Gastric Bypass Surgery has been very popular overseas for many years and can result in excellent long-term sustained weight loss. This Weight Loss Surgery procedure is performed using a few small laparoscopic (keyhole) incisions, and creates a small portion of narrow stomach which is disconnected from the rest of the stomach. Some small intestine is then brought up to join this now smaller piece of stomach allowing the ingested food to "bypass" the majority of the stomach, and the first 1-2 metres of small intestine (most people have 4 metres or more of small intestine).
Gastric Bypass surgery works by combining both restrictive and malapsorptive methods. By reducing the physical size of the stomach patients become fuller faster so are therefore likely to eat less, while the "bypassing" of a section of the intestine means the absorbtion of calories and nutrients consumed is reduced.
The BodyFree team currently considers the Gastric Sleeve (Sleeve Gastrectomy) to be a superior solution when taking into account quality of life issues combined with excellent weight loss results. There are however circumstances when we might recommend a Gastric Bypass. We would consider this type of procedure if you had poorly controlled Type II Diabetes Mellitis. There is evidence to suggest the Mini Gastric Bypass (Single Loop) offers better diabetes control, however some patients who suffer from problematic reflux symptoms may do better with a classical Roux-en-Y Gastric Bypass.

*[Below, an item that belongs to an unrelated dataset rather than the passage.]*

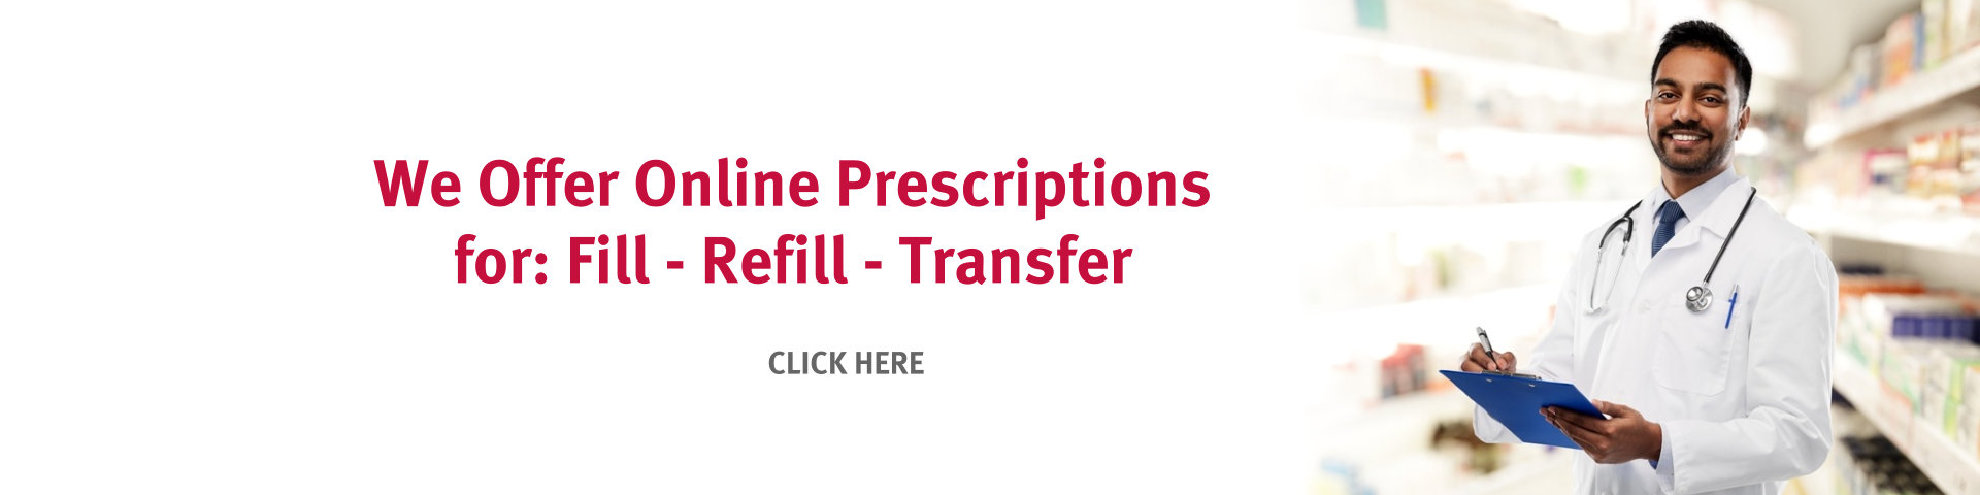 Online RX Refill at pharmasave London Road Pharmacy

We would also consider using a Gastric Bypass as a solution for patients who come to see us for a revision from a prior Bariatric surigical procedure, such as a Gastric Band, or a Sleeve Gastrectomy.
- Excellent weight loss success and long-term maintenance.
- Ideal for very poorly controlled Diabetes or Dyslipidaemia (high cholesterol).
- At risk of medium to long-term nutritional deficiencies, so may need some vitamin and nutritional supplements long-term.
- Can improve fertility in women, but slightly increased risk of pre-term and underweight birth neonates.
- Some patients may suffer from Dumping Syndrome resulting in an intolerance to certain foods.
All patients are required to commence an Optifast based diet for a period of 2-3 weeks prior to surgery. This diet induces a change to the patient's metabolism putting it into a Ketotic state, known as Ketosis. During this period the patient's diet will be restricted, with only certain additional foods allowed (your Dietitian will provide clear direction tailored to you). There are no carbohydrates, sugars, fruits or juices etc. permitted during this Optifast period.
The ketosis will result in fat stores coming out of the liver to provide the metabolic fuel your body needs. During surgery, it is necessary to retract the liver – the reduction in fat stores in the lead up to surgery allows for this to be done safely without risk of damaging or tearing the liver during the procedure.
Some patients may note that they can lose 5-10% of their body weight during this period. (It would be terrific if this were sustainable long-term, but Optifast isn't sustainable over time).
Most medications can continue until the day of surgery, and they will be recommenced post-operatively under our direction. There are several blood thinners and anti-platelet agents which will need to be stopped 2-10 days prior to surgery depending on the particular medication. We will provide advice tailored to each patient. Fish Oil supplements should not be consumed within 14 days of surgery.
The small keyhole incisions are all closed with dissolving stitches which are all placed under the skin so that patients will never need to see them. We also use steristrips and waterproof dressings to ensure the skin heals in a clean and dry environment. Patients can bathe or shower with these dressings in place, however they should be patted dry afterwards.
The dressings are normally removed 10 days after surgery and the incisions should have healed nicely by then.
Most patient's post-operative discomfort has settled at the time of discharge from hospital. Some patients may however require a small amount of oral medication to help manage ongoing discomfort for a week or so. This can include Panadol, Panadeine Forte, Endone, or occasionally other medicines.
Routine medications can be recommenced as directed in the post-operative phase and any blood thinning agents that patients were previously taking will also be recommenced as directed by the medical team.
Many patients will be directed to take a PPI (Proton Pump Inhibitor) such as Nexium, Somac or Losec for a certain period after surgery to reduce stomach acid production.
Surgery will help patients to start their weight loss journey, however, in order to achieve successful long-term results - dietary and behavioural changes are necessary.
Each patient will be given specific dietary advice based on their personal requirements, but the following are very brief recommended guidelines following surgery.
- Liquid nourishment
Weeks 2 - 4
- Pureed food
Week 4 +
- Commencement of soft solid diet.
** For more dietary information, please speak with your Dietitian, who will provide you with a more comprehensive plan.
As a guide, most patients need 3 nights in hospital post-op, and depending on the work in which you are employed, anywhere from 3-14 days off work. Most patients can start walking within a few days, and more vigorous exercise can commence within 3 weeks.